The starting point for understanding how a company operates is to recognize the difference between the directors (who are also known as ‘the board’) and the shareholders. Although in a small, privately-held company the directors and the shareholders are often the same people, they are actually two completely different roles, with separate rights and obligations. The company’s board is made up of all the appointed directors. If you have three directors, for example, then you have three people sitting on your board. In theory, any decision that is made by the company needs to be agreed by the board. This includes the smallest decisions right through to the largest. So, even a decision such as whether to buy a new jar of coffee for the office needs to be agreed by the board. Clearly, this could become unworkable very quickly. So, in practice, the board can simply decide that it doesn’t need to formally agree every single decision taken. Rather, it will give some limited responsibility for lesser decisions to other people within the company and reserve the right for ‘important’ decisions to be taken at board meetings. This situation still works, legally, because this permission has been granted by the board, so we can see that the board is still in control. So now, how does the board actually make its decisions? Usually, this occurs through a simple majority vote of the directors. If you have three directors sitting on your board, then a 2:1 majority will pass a board resolution. Board votes are not affected by the number of shares each director may hold. A board may, for example, have three directors, one of whom is the founder who holds 90% of the shares, while the other directors own 5% of the shares each. Many people are surprised to learn this, but the director with 90% of the shares can still be out-voted by the other two directors, who hold just 10% of the shares between them. Again, this is because the board works on a simple majority vote basis.
However, these basic board voting provisions can be overridden by placing specific terms in a shareholders agreement. However, if there’s no shareholders agreement in place, then the majority voting rules outlined above will apply. Additionally, because the board acts on a majority basis, if there is an even number of directors, say, two directors, and they can’t agree, then the board is said to be ‘deadlocked’. This means that the board can’t act, and can be a major problem, as one director isn’t permitted to do something to which the other director disagrees.
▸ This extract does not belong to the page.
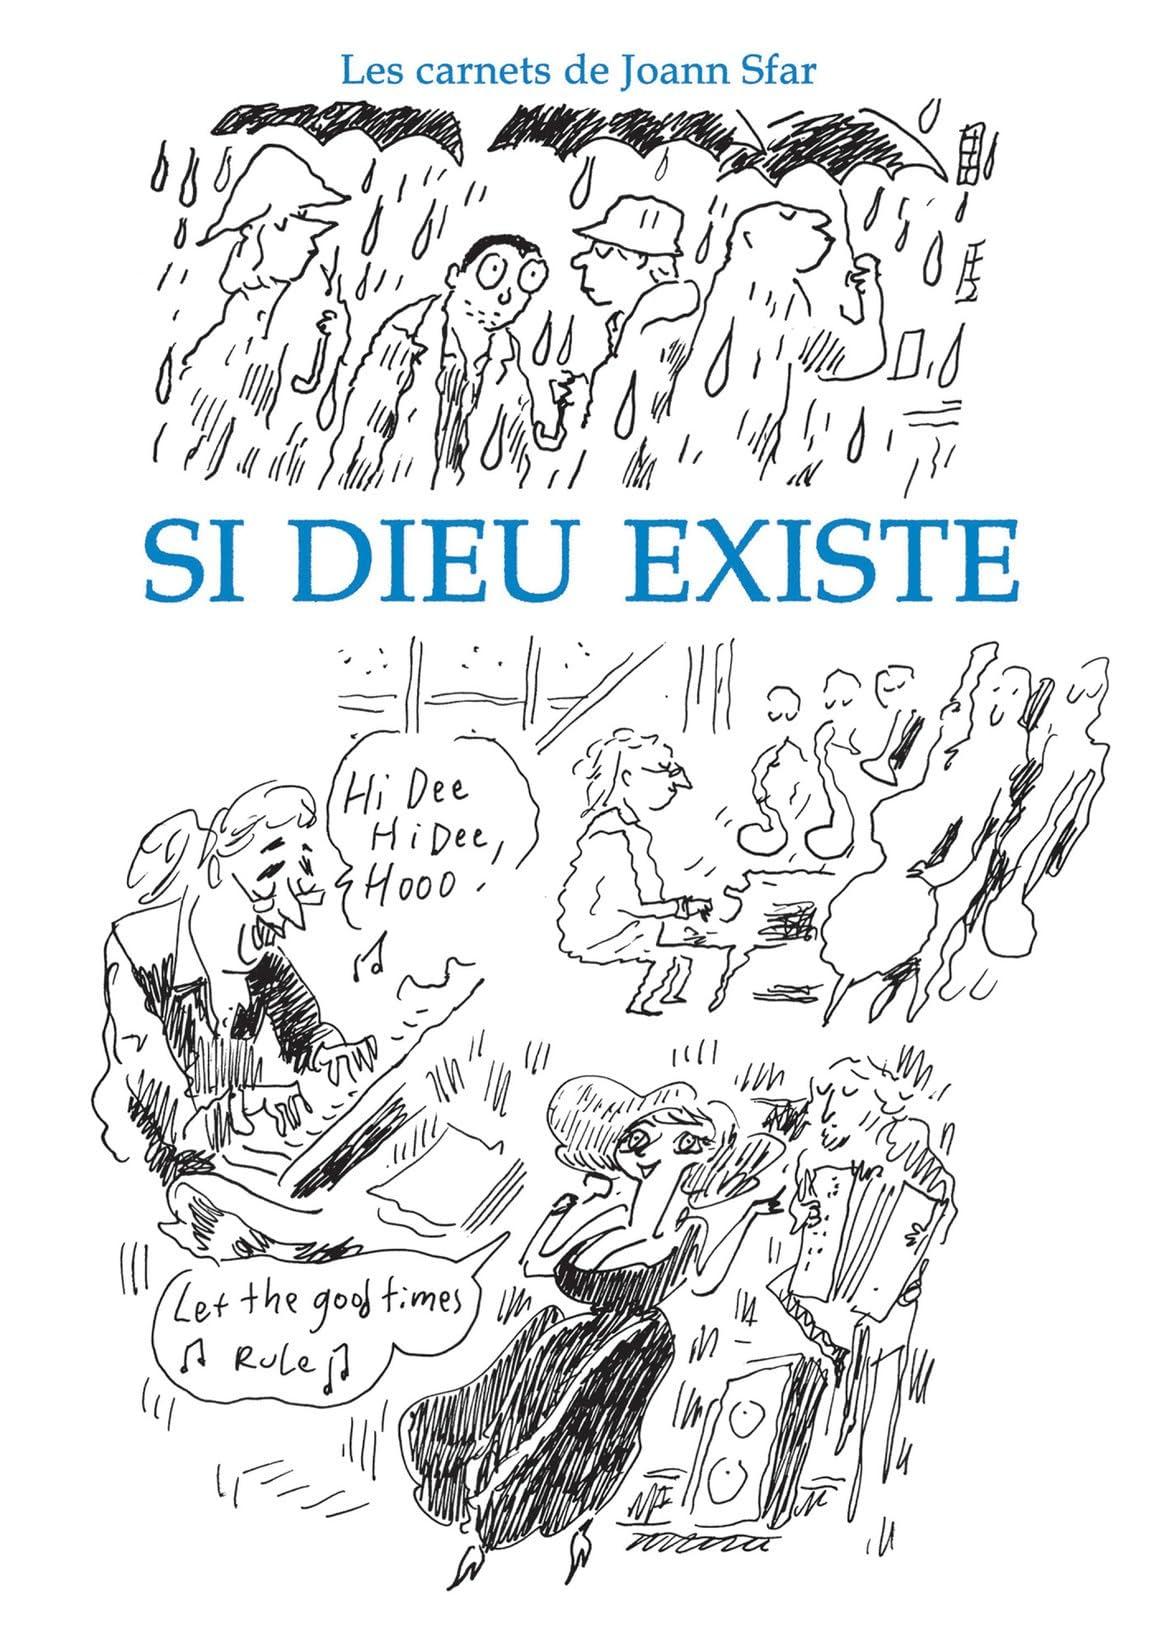 Carnets de Joann Sfar: Si Dieu existe

In these instances, it can save a lot of argument and difficulties if a shareholders agreement with suitable provisions has been drawn up before the board reaches this sort of impasse. Suitable provisions can help resolve any dispute or deadlock that may arise. For example, a simple provision could be to give one director (often a ‘Chairman’) a casting vote in the case of a tie. However, more often, the agreement will require specific ‘deadlock resolution provisions’ (see our article here) to create an effective resolution process. In contrast to the directors of a company, the shareholders have very little day-to-day control over the matters relating directly to the company’s operations. Usually, shareholders only get limited rights to vote on certain matters, such as: • the issue of new shares; • changes to the articles of association; and • winding-up the company. Each shareholders’ vote requires either an ‘ordinary resolution’ or a ‘special resolution’. An ordinary resolution means a vote which is carried by more than 50% of the shareholders, and a special resolution refers to a vote which is carried by 75% or more of the shareholders. It’s possible to draw up the terms of a shareholders agreement to require the company to obtain the prior consent of the shareholders before carrying out any number of actions which can be listed in the shareholder's agreement. This is one of the ways shareholders can be given greater rights over the company than they would otherwise usually have. Finally, the main ‘protective rights’ that shareholders will have which can prevent the directors from operating the business in a way they may consider unfavorable to the shareholders, is the right to appoint new directors or remove existing directors from the board.
This right is granted under the Companies’ Act to shareholders holding more than 50% of the shares, and it can’t be removed by the company.